Chroniques

par laurent bergnach

Pascal Dusapin
Tenir l’accord – entretiens sur la musique et la psychanalyse

Éditions MF (2022) 160 pages
ISBN 978-2-37804-046-8
Pascal Dusapin s'entretient avec la psychanalyste valentine Dechambre

Il y a dix ans, suite à la Leçon inaugurale au Collège de France de Pascal Dusapin, Valentine Dechambre écrivait un article affirmant une dimension joycienne dans l’œuvre du compositeur. Ce dernier fut alors invité à rencontrer la psychanalyste et vice-présidente du festival Musiques Démesurées, flanquée de quelques confrères sensibles à la création musicale – on citera Jacqueline Dhéret et surtout François Ansermet, les plus fidèles aux échanges organisés.
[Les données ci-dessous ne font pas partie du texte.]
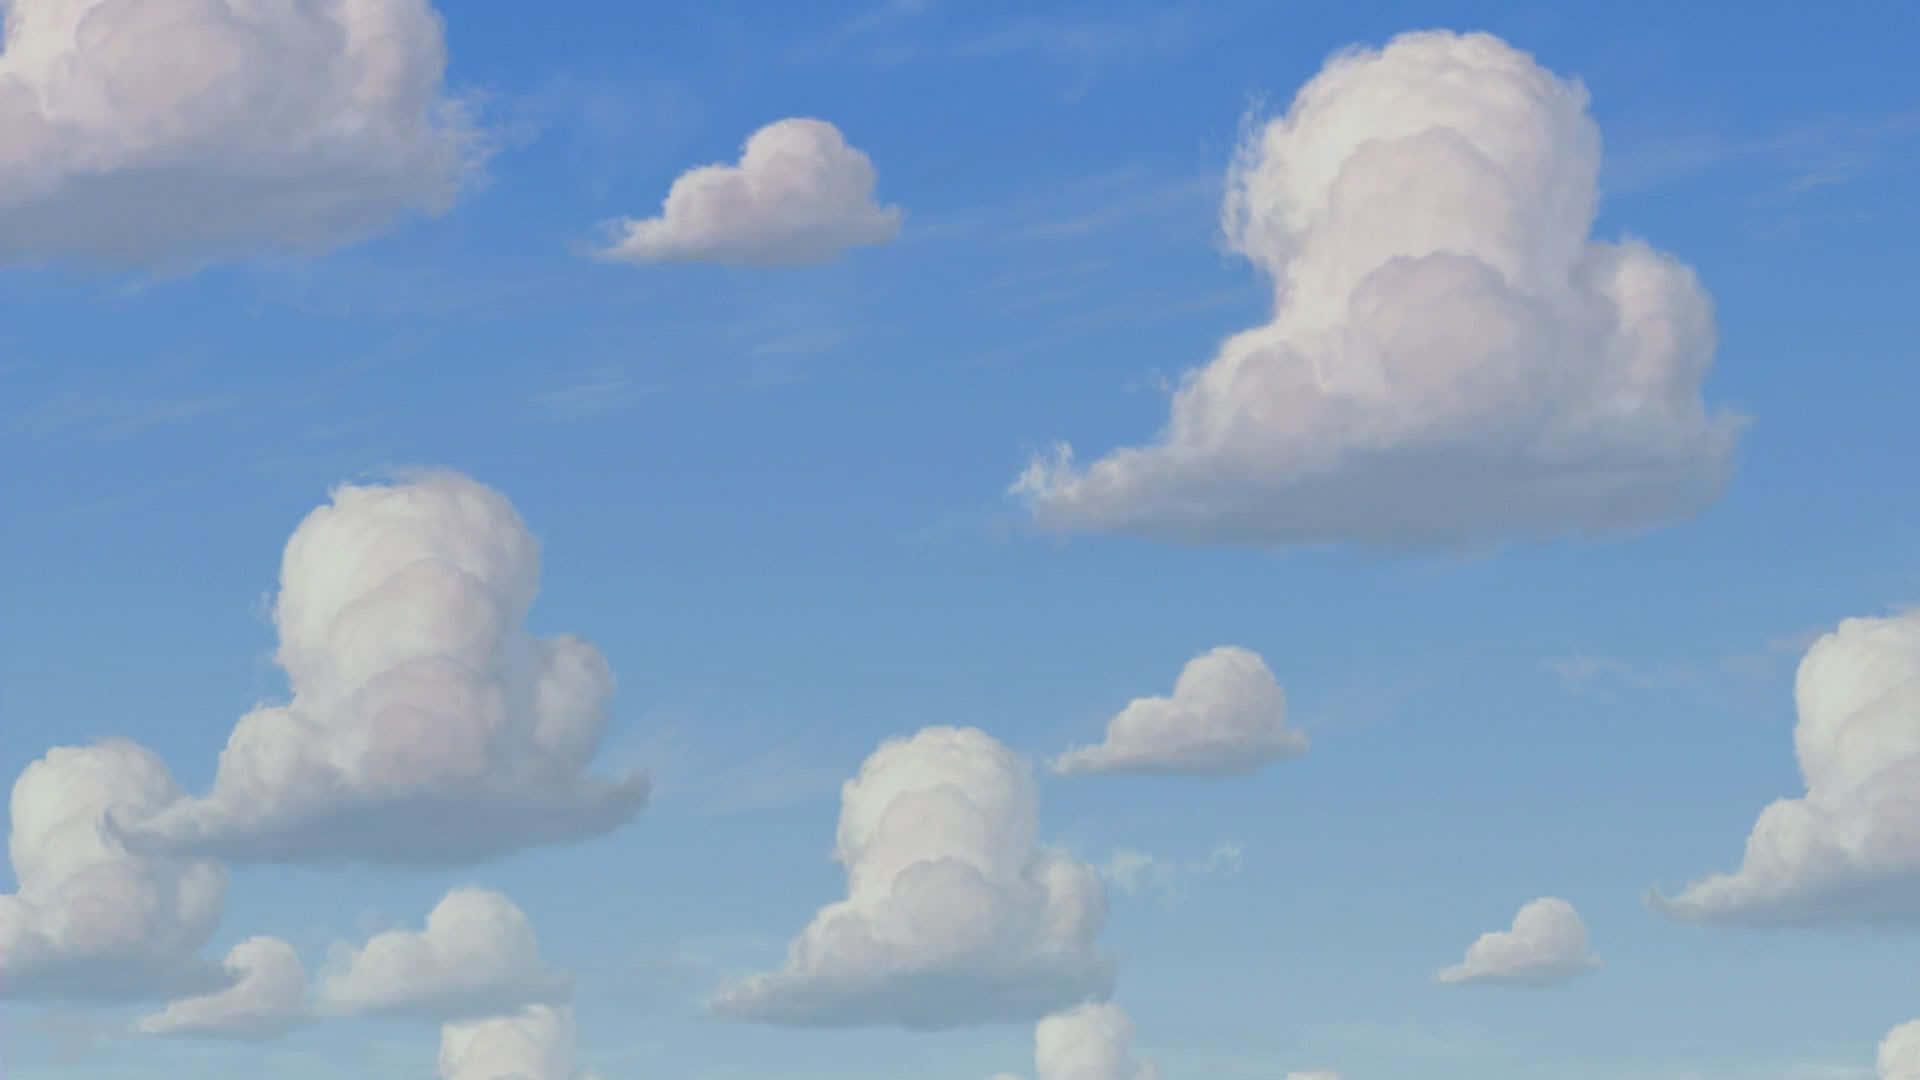 Schauin Den Himmel Und Sieh Einen Traum Wahr Werden - Eine Toy Story Wolke! Wallpaper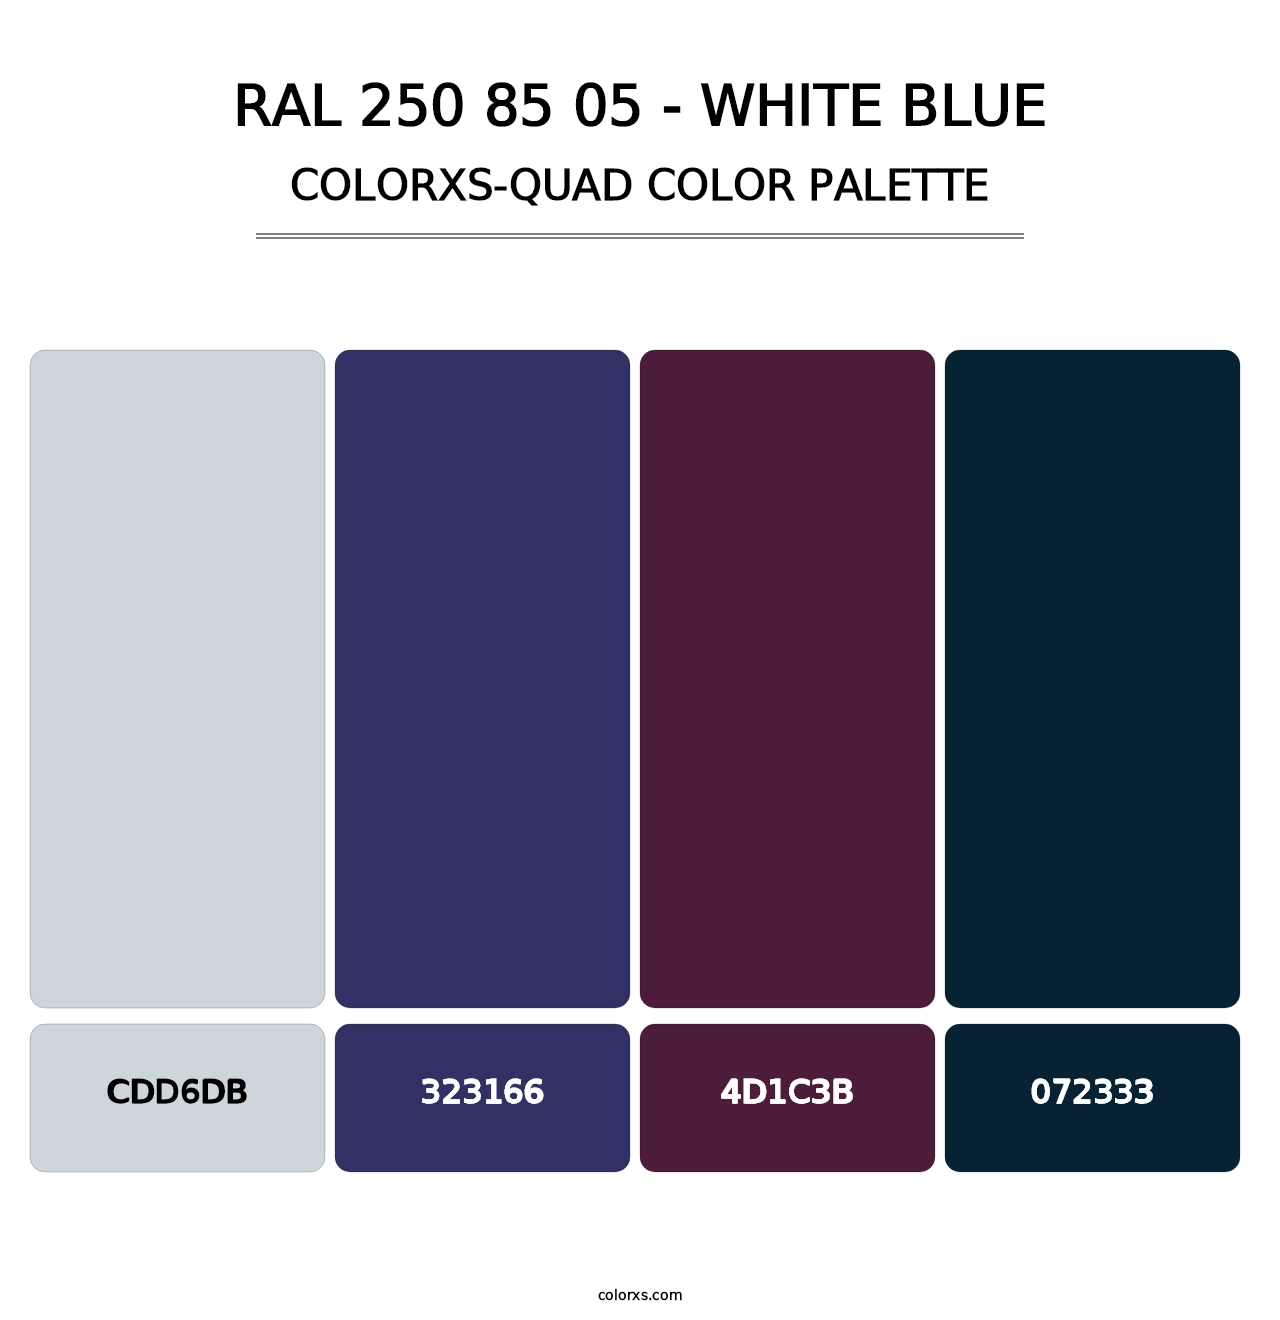 RAL 250 85 05 - White Blue - Colorxs Quad Palette

Un livre en rendit compte, qui portait le nom des quatre chapitres de l’ouvrage : Flux, trace, temps, inconscient (Éditions Nouvelles Cécile Defaut, 2012). Tenir l’accord est une réédition de cet ouvrage, auquel s’ajoutent deux nouveaux entretiens : Inquiétude et Dérèglement. Le premier eut lieu en public, lors de la quarante-septième édition des Journées de l’École de la Cause Freudienne (2017) ; le second au lendemain de la création bruxelloise de Macbeth Underworld (2019) [lire notre chronique du 25 mars 2020].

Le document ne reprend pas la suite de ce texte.